What will become of Edward Snowden? Will he ever be able to return to the United States? His chances don’t look good. The US government—the Deep State, as well as both the major political parties—wants to punish him for the enormous damage he has inflicted, in their perception, on the security establishment. (It’s got Chelsea Manning and the other whistleblowers where it wants them.) If it does not manage to kill or jail Snowden, it must use everything in its power to limit the damage that he’s done and continues to do. One of those ways is to try to contain, co-opt and usher the debate around whistleblowing in a direction that suits it. And it has, to some extent, managed to do that. In the Public Security vs. Mass Surveillance debate that is taking place in the establishment Western media, the Object of Love is America. America and her actions. Are they moral or immoral? Are they right or wrong? Are the whistleblowers American patriots or American traitors? Within this constricted matrix of morality, other countries, other cultures, other conversations—even if they are the victims of US wars—usually appear only as witnesses in the main trial. They either bolster the outrage of the prosecution or the indignation of the defence. The trial, when it is conducted on these terms, serves to reinforce the idea that there can be a moderate, moral superpower. Are we not witnessing it in action? Its heartache? Its guilt? Its self-correcting mechanisms? Its watchdog media? Its activists who will not stand for ordinary (innocent) American citizens being spied on by their own government? In these debates that appear to be fierce and intelligent, words like public and security and terrorism are thrown around, but they remain, as always, loosely defined and are used more often than not in the way the US state would like them to be used.
It is shocking that Barack Obama approved a “kill list” with 20 names on it.
Or is it?
What sort of list do the millions of people who have been killed in all the US wars belong on, if not a “kill list”?
In all of this, Snowden, in exile, has to remain strategic and tactical.

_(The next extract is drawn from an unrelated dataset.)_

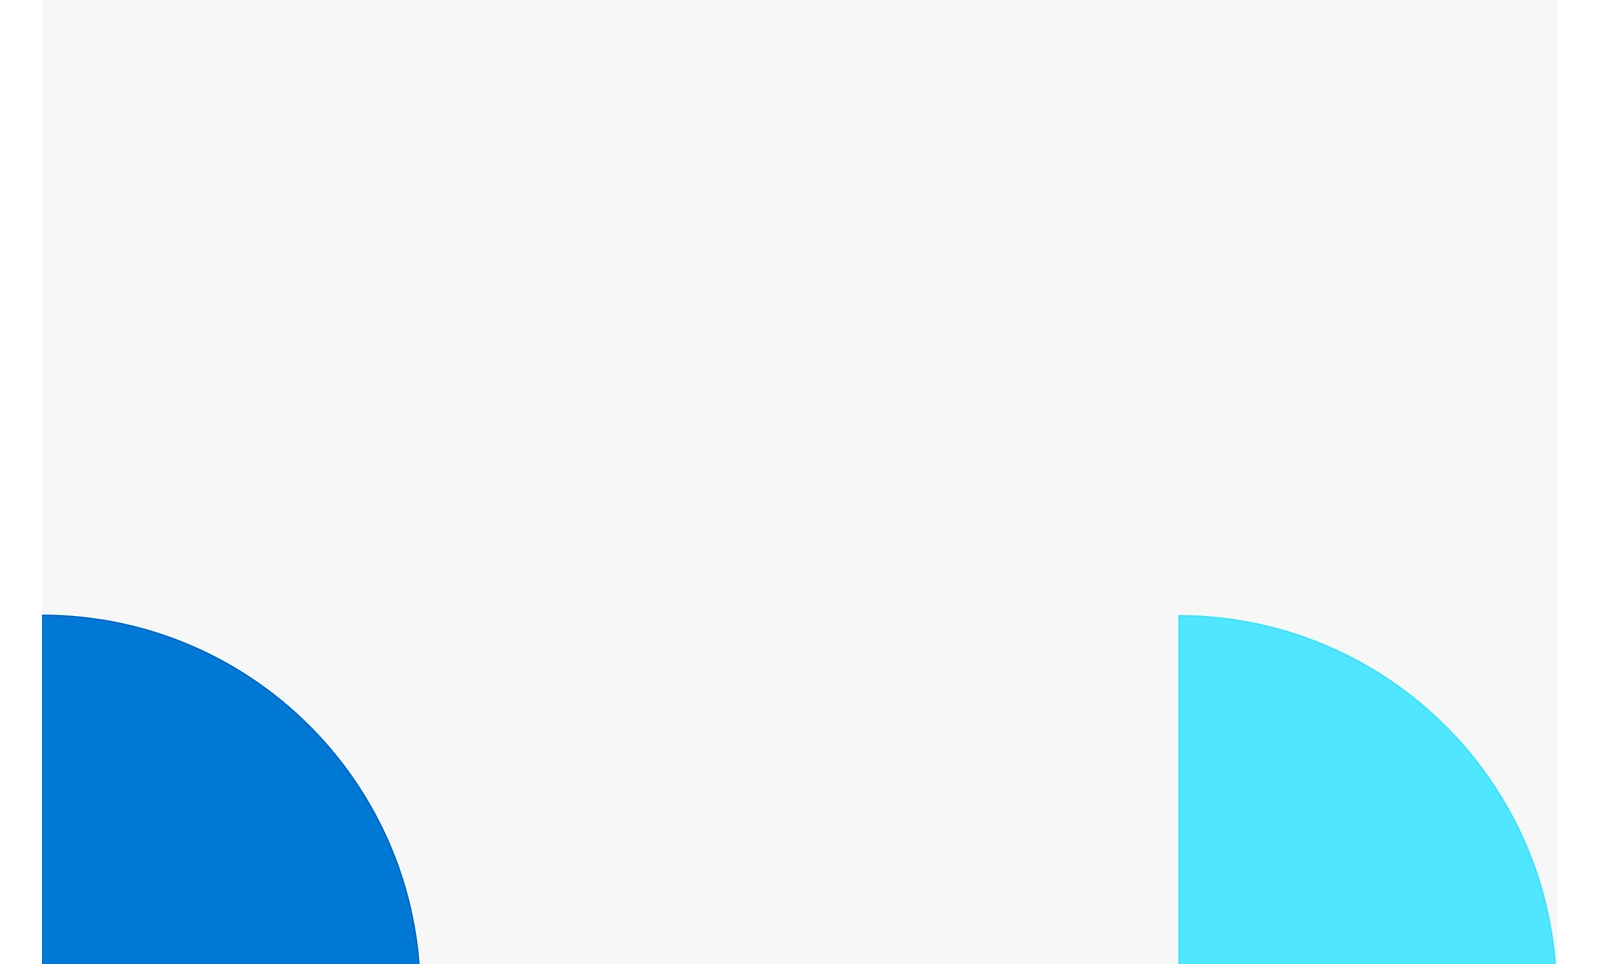 Due forme circolari sovrapposte con uno sfondo bianco, una blu a sinistra e una blu più chiaro a destra.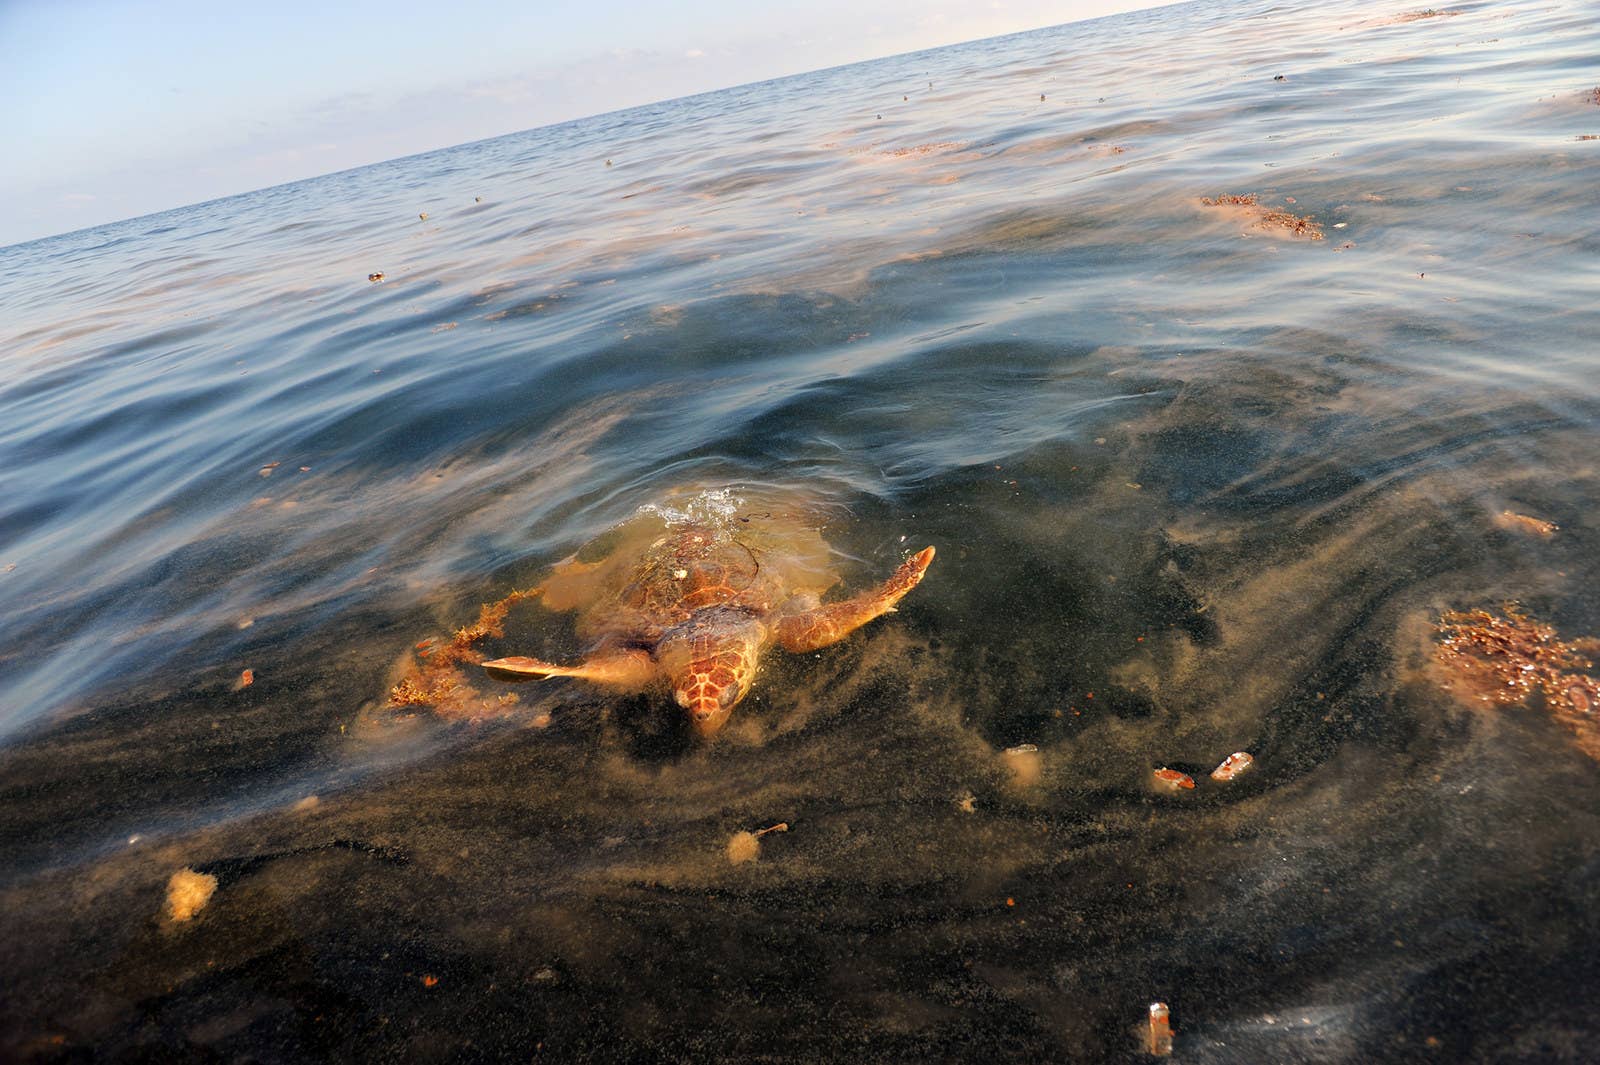 メキシコ湾原油流出事故で汚染されたカツオノエボシを食べるため、海面に浮かんだウミガメ。(2010年5月5日)

He’s in the impossible position of having to negotiate the terms of his amnesty/trial with the very institutions in the United States that feel betrayed by him, and the terms of his domicile in Russia with that Great Humanitarian, Vladimir Putin. So the superpowers have the Truth-teller in a position where he now has to be extremely careful about how he uses the spotlight he has earned and what he says publicly.
Even still, leaving aside what cannot be said, the conversation around whistleblowing is a thrilling one—it’s Realpolitik—busy, important and full of legalese. It has spies and spy-hunters, escapades, secrets and secret-leakers. It’s a very adult and absorbing universe of its own. However, if it becomes, as it sometimes threatens to—a substitute for broader, more radical political thinking, then the conversation that Daniel Berrigan, Jesuit priest, poet and war resister (contemporary of Daniel Ellsberg) wanted to have when he said, “Every nation-state tends towards the imperial—that is the point”, becomes a little inconvenient.
I was glad to see that when Snowden made his debut on Twitter (and chalked up half a million followers in half a second) he said, “I used to work for the government. Now I work for the public.” Implicit in that sentence is the belief that the government does not work for the public. That’s the beginning of a subversive and inconvenient conversation. By “the government”, of course he means the US government, his former employer. But who does he mean by “the public”? The US public? Which part of the US public? He’ll have to decide as he goes along. In democracies, the line between an elected government and “the public” is never all that clear. The elite is usually fused with the government pretty seamlessly. Viewed from an international perspective, if there really is such a thing as “the US public”, it’s a very privileged public indeed. The only “public” I know is a maddeningly tricky labyrinth.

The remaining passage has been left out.